Instructions to follow — Because the copy must hold no pictures, return the data below with all of its words intact.

Information provided —
____
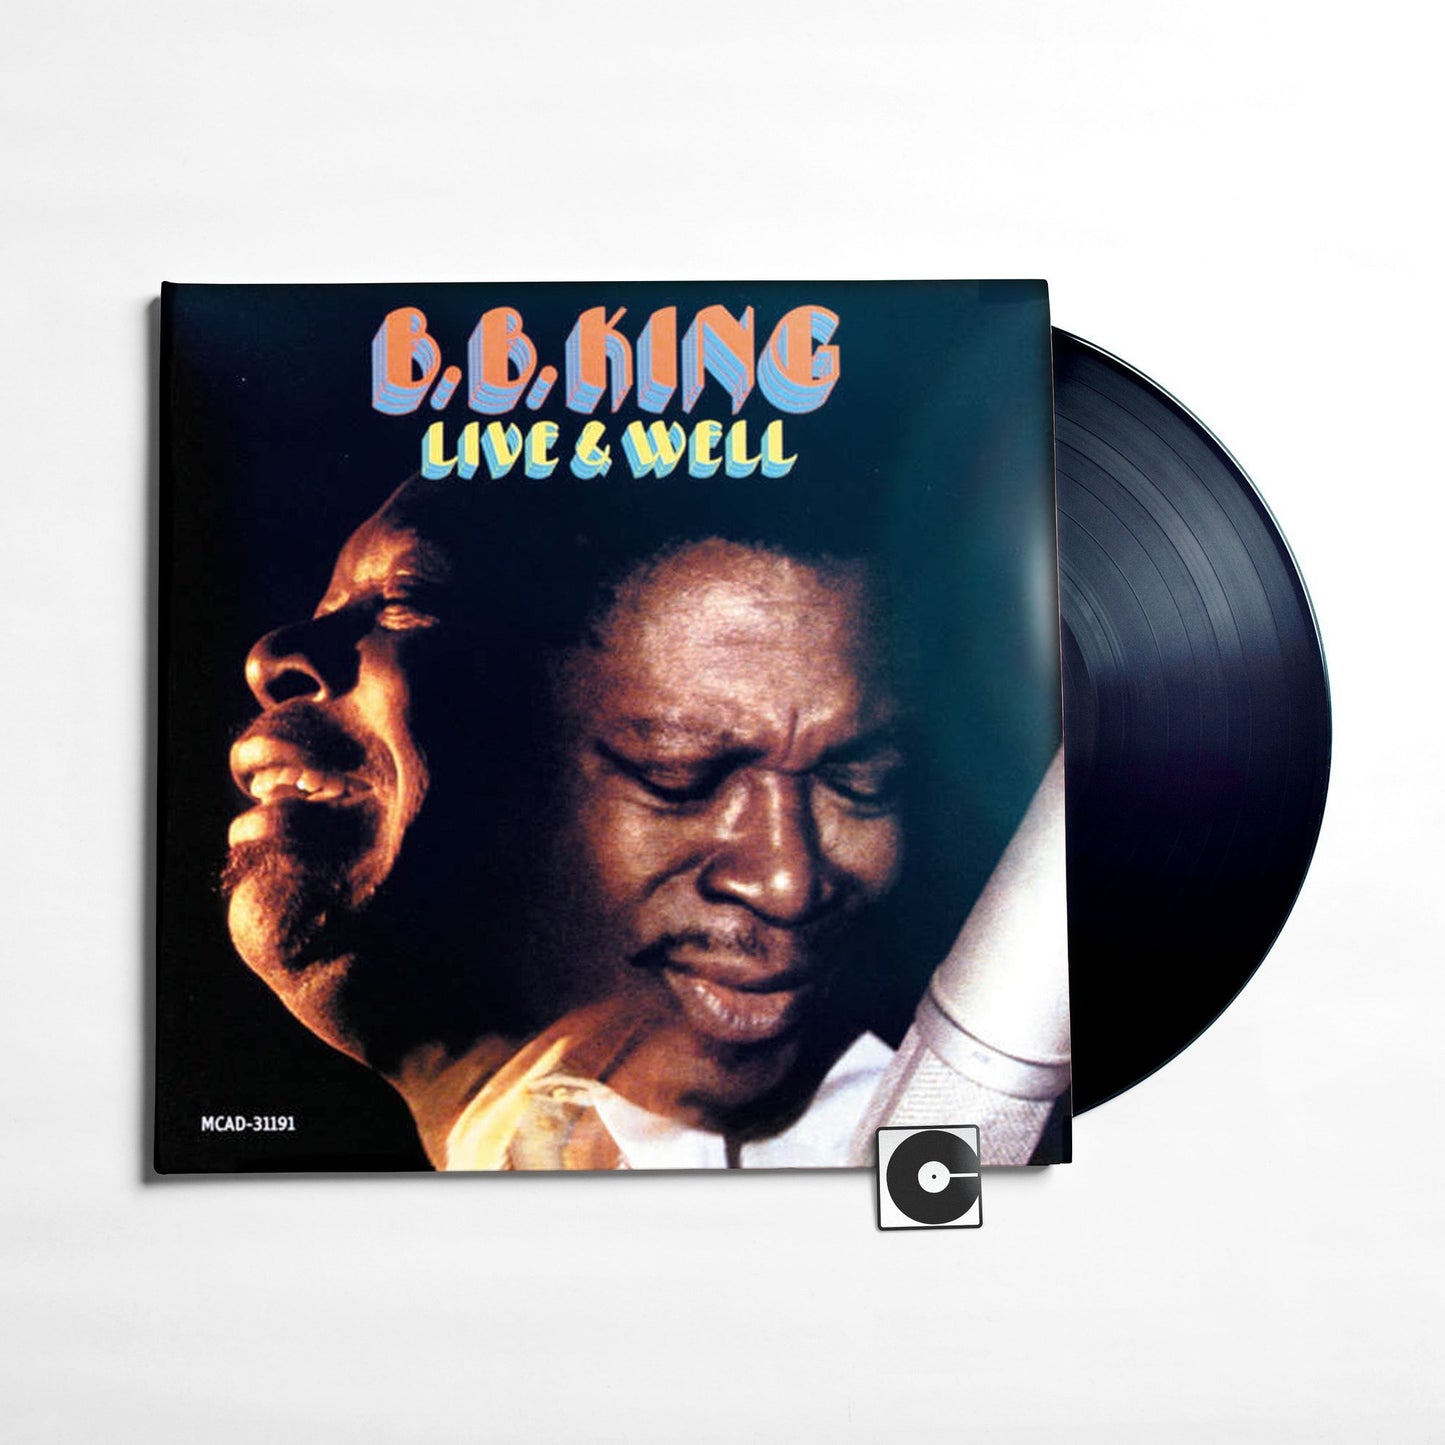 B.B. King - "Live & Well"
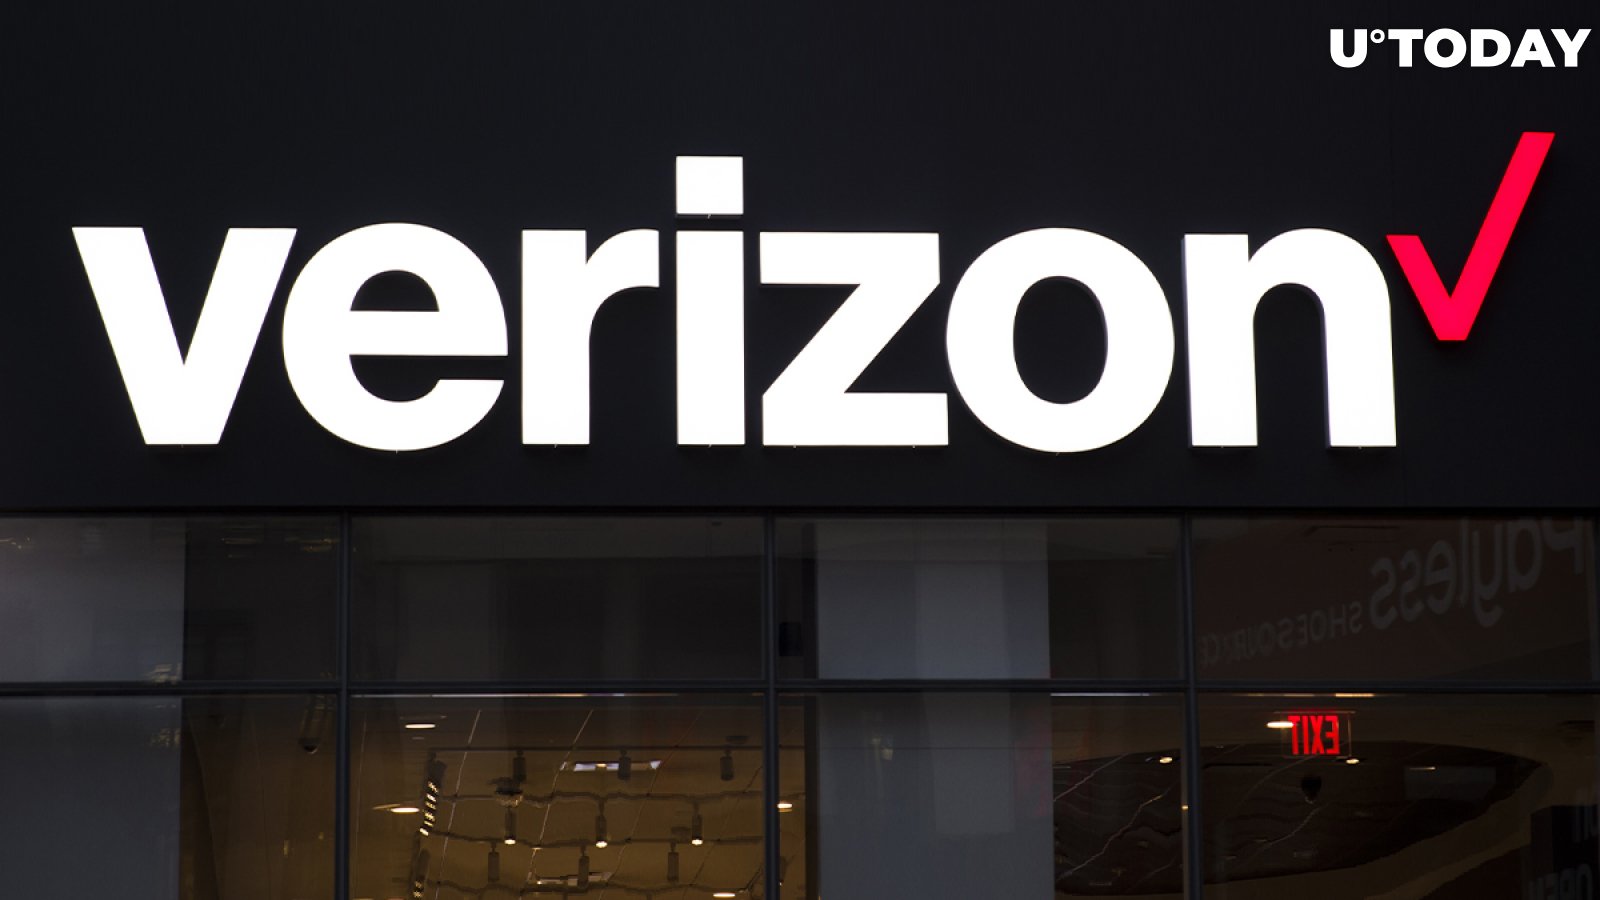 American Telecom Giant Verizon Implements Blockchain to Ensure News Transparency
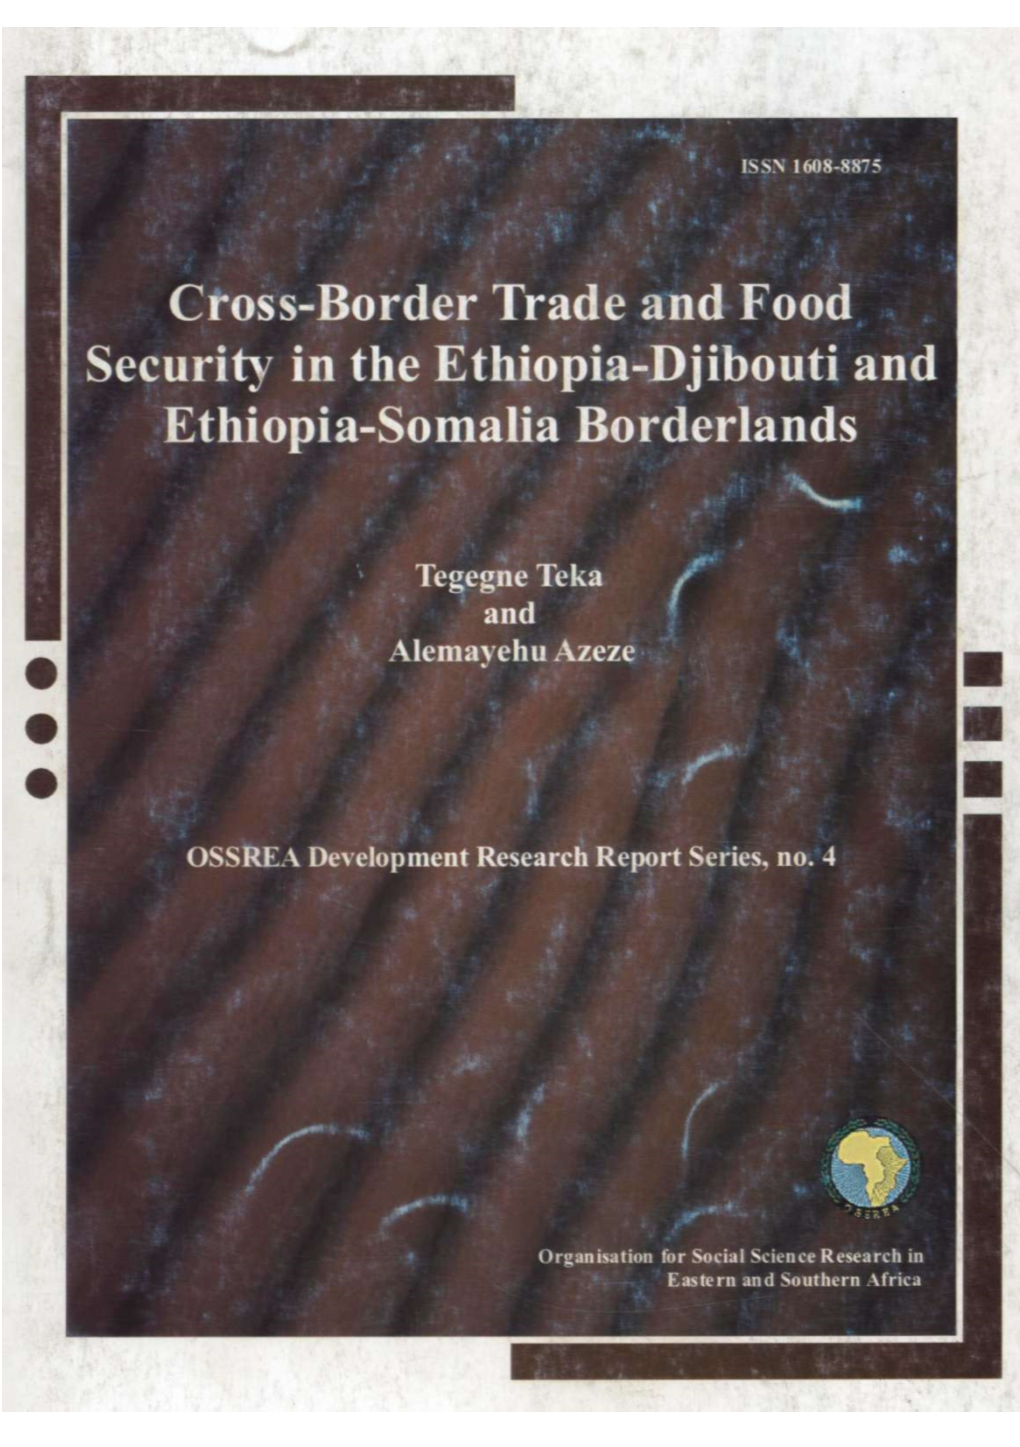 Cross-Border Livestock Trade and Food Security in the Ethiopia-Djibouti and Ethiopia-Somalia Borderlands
____
Response below —
 B.B. King - "Live & Well"
 American Telecom Giant Verizon Implements Blockchain to Ensure News Transparency
 Cross-Border Livestock Trade and Food Security in the Ethiopia-Djibouti and Ethiopia-Somalia Borderlands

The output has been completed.